= Anatoliy Daron =

Russian rocket engineer and scientist (1926–2020)

Anatoliy Davidovich Daron (26 April 1926 – 24 June 2020) was a Russian rocket engineer and scientist, who created the engines for the rockets that delivered the first satellite and the first Soviet cosmonaut, Yuri Gagarin, into space.

Daron made a significant contribution to the development of the first experimental chambers KS-50 and ED-140. He was a leading designer in the development of the RD-107 and RD-108 liquid-propellant rocket engines for the R-7 rocket family, as well as the RD-270 for the UR-700 launch vehicle.

== Biography ==
Daron was born in Odesa, Ukraine to a Jewish family. When he was 12, his family fled Odesa to Kislovodsk during World War II to escape the advance of the Romanian Army.

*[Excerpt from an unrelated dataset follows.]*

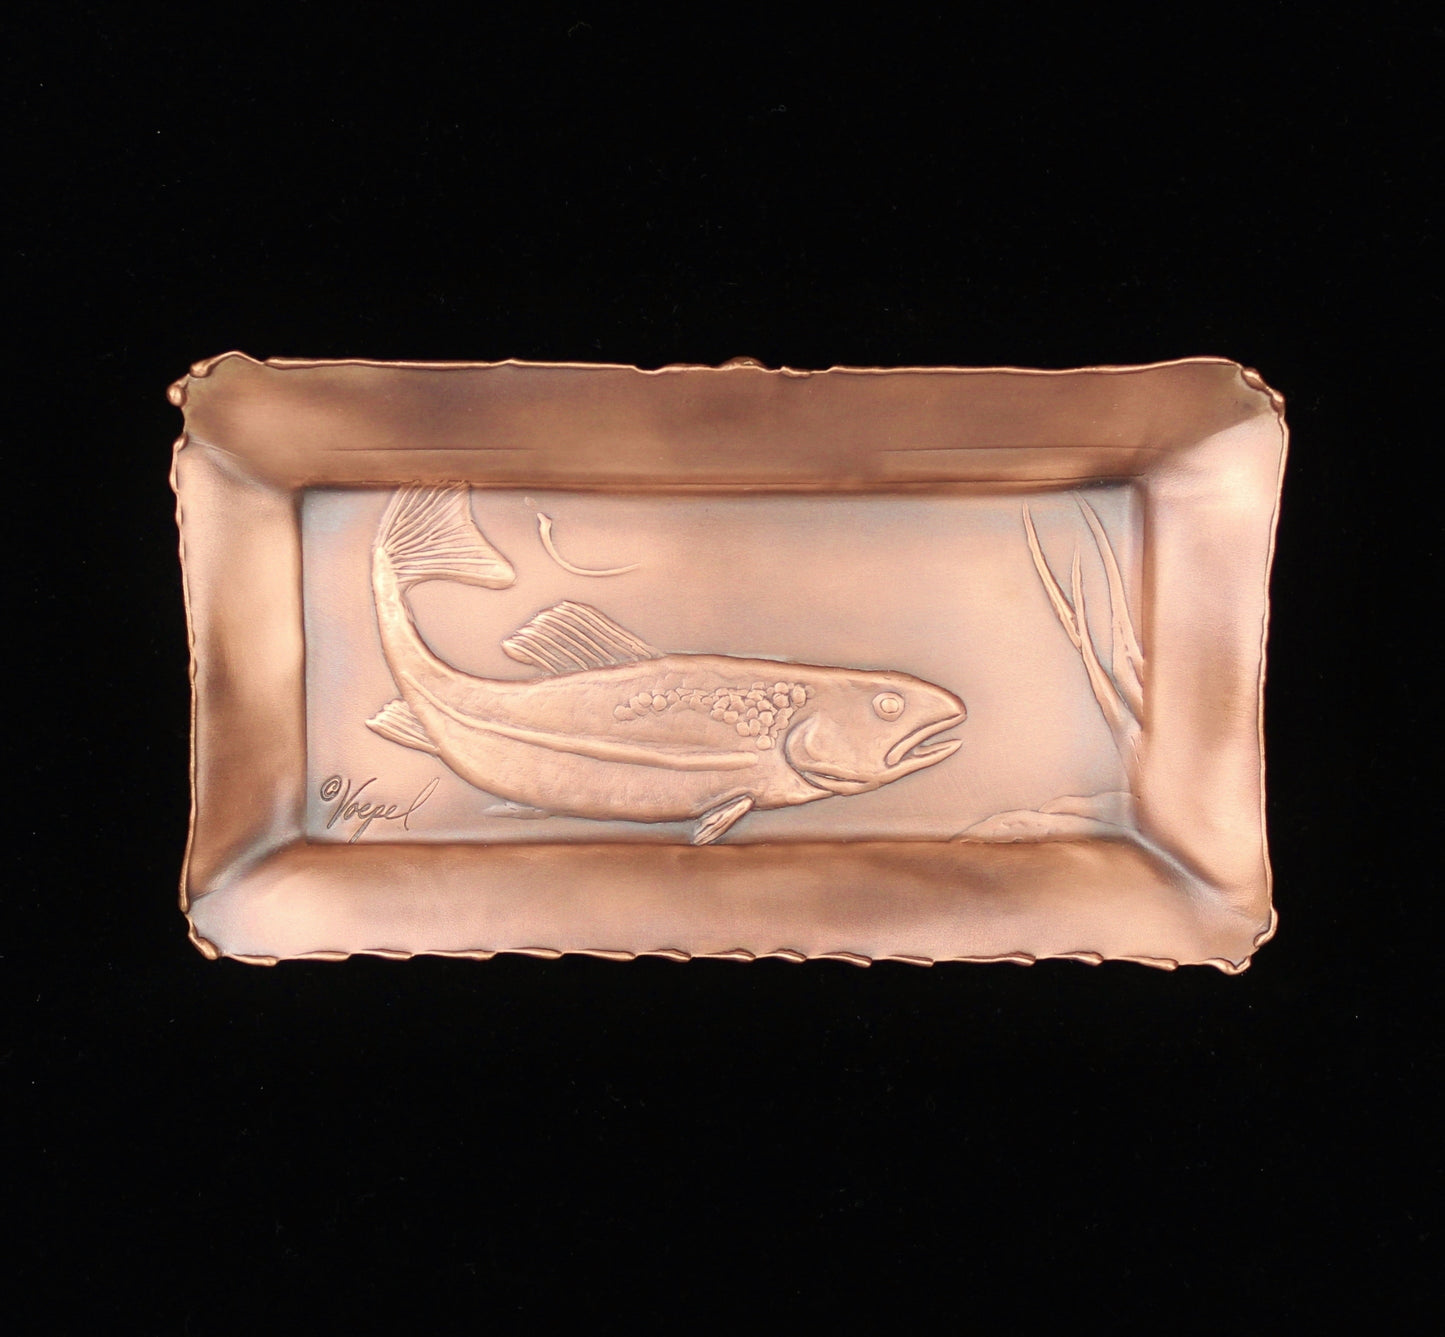 Trout Art Tile/Tray, Copper, Facing Right, 4" x 7"
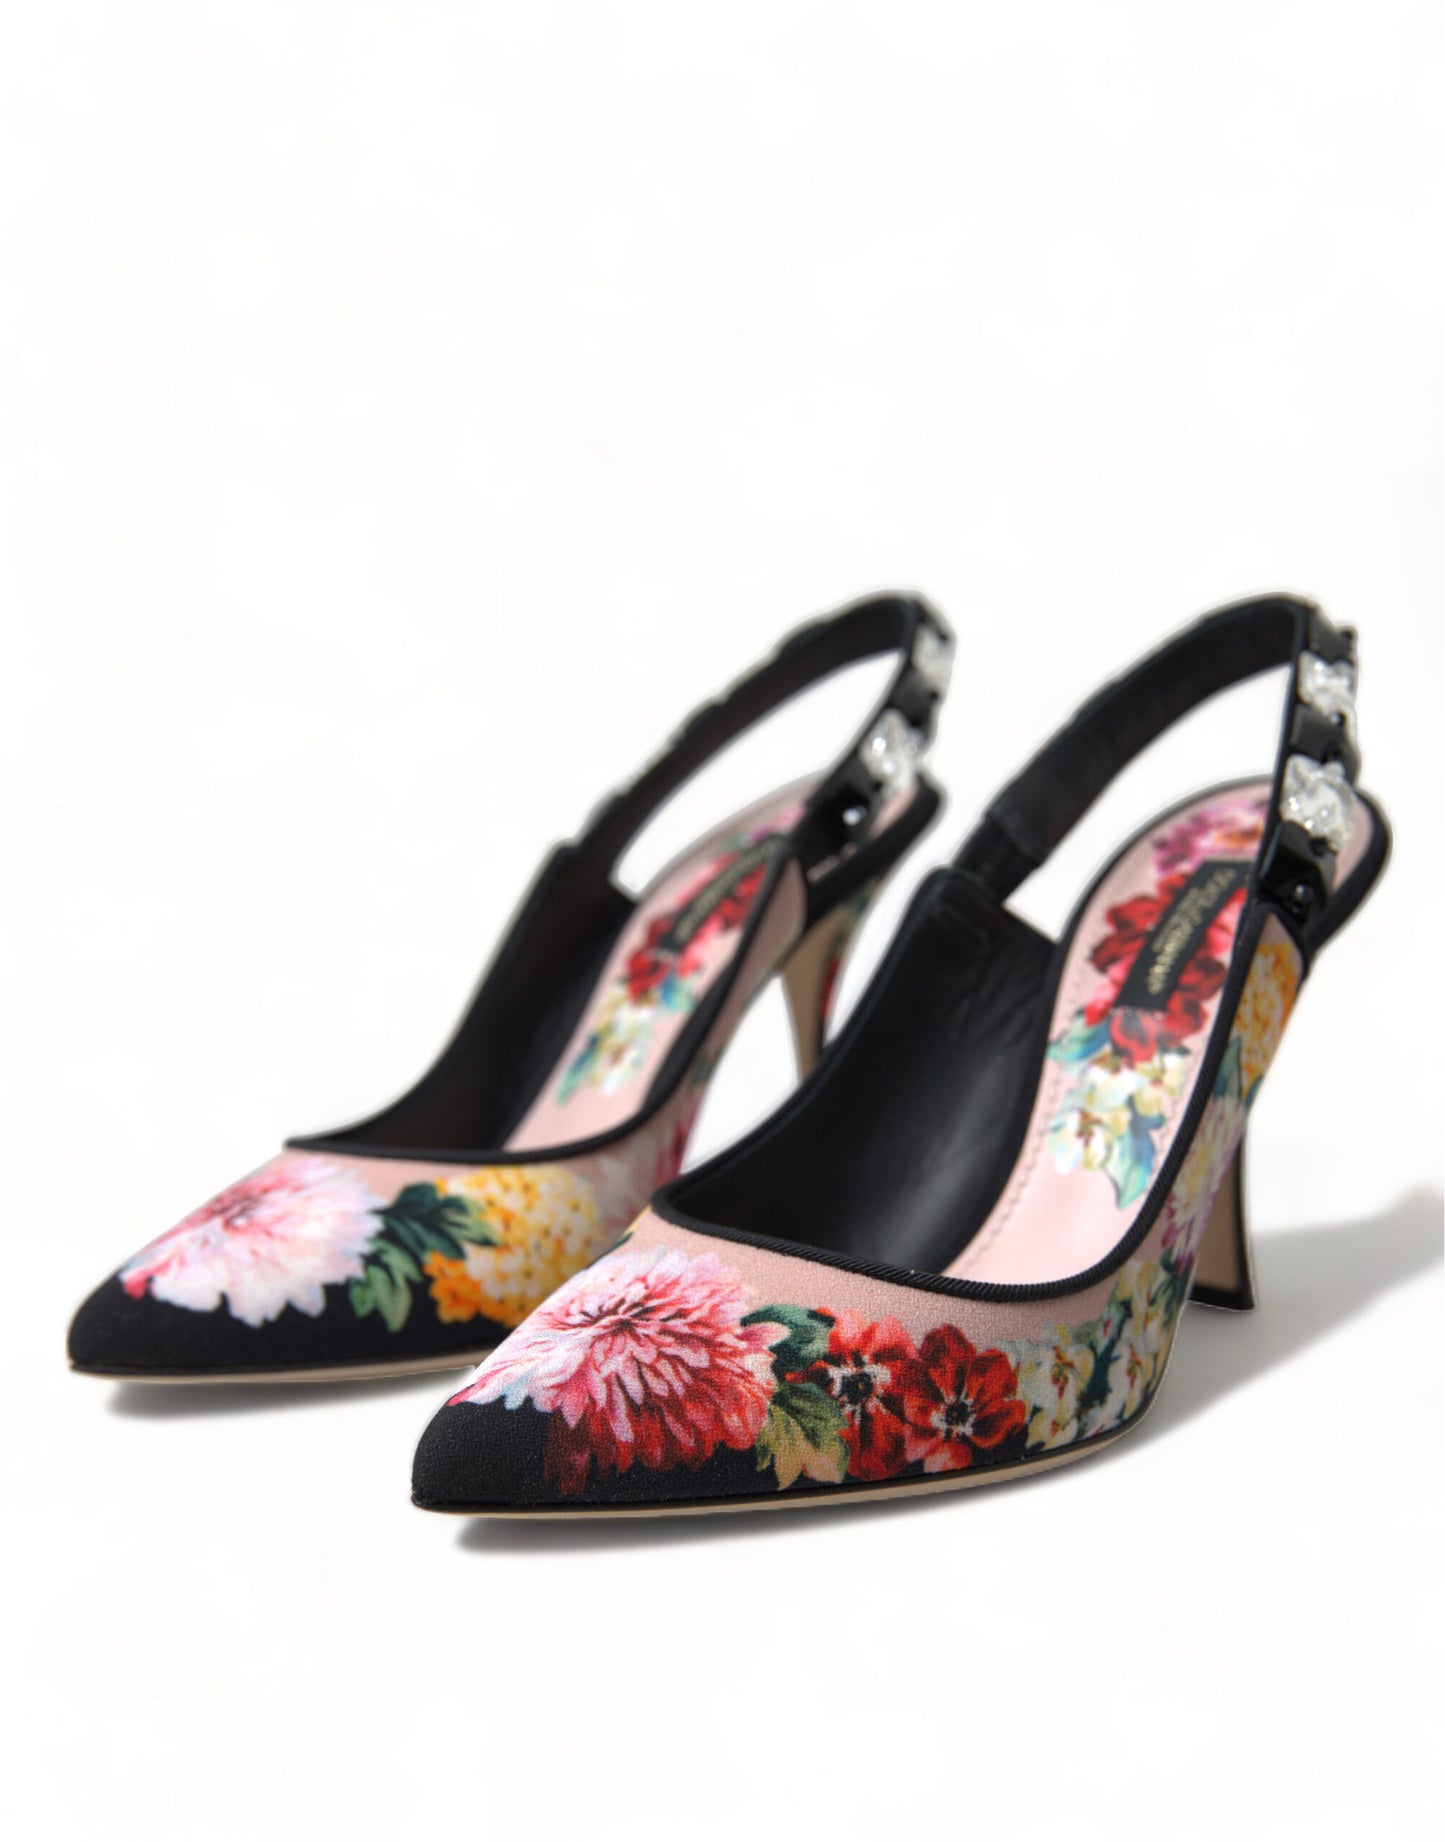 Dolce & Gabbana Floral Slingback Heels with Luxe Crystal Details

In 1948, Daron graduated from the Moscow Aviation Institute, specializing in liquid propellant for rockets. He became the lead engineer of the liquid propellant rocket engines of the Experimental Design Bureau No. 456 (OKB-456). He developed the RD-107 and RD-108 for the R-7, providing the Soviet Union with ICBM capability.

Daron's engines were also used for the Sputnik rocket and for all Soviet Union piloted spacecraft; Vostok, Voskhod, and Soyuz. In 1957, he was also part of the Soviet nuclear program.

In 1998, the Russian Federation permitted Daron to go to the United States for heart surgery. He stayed there for the rest of his life.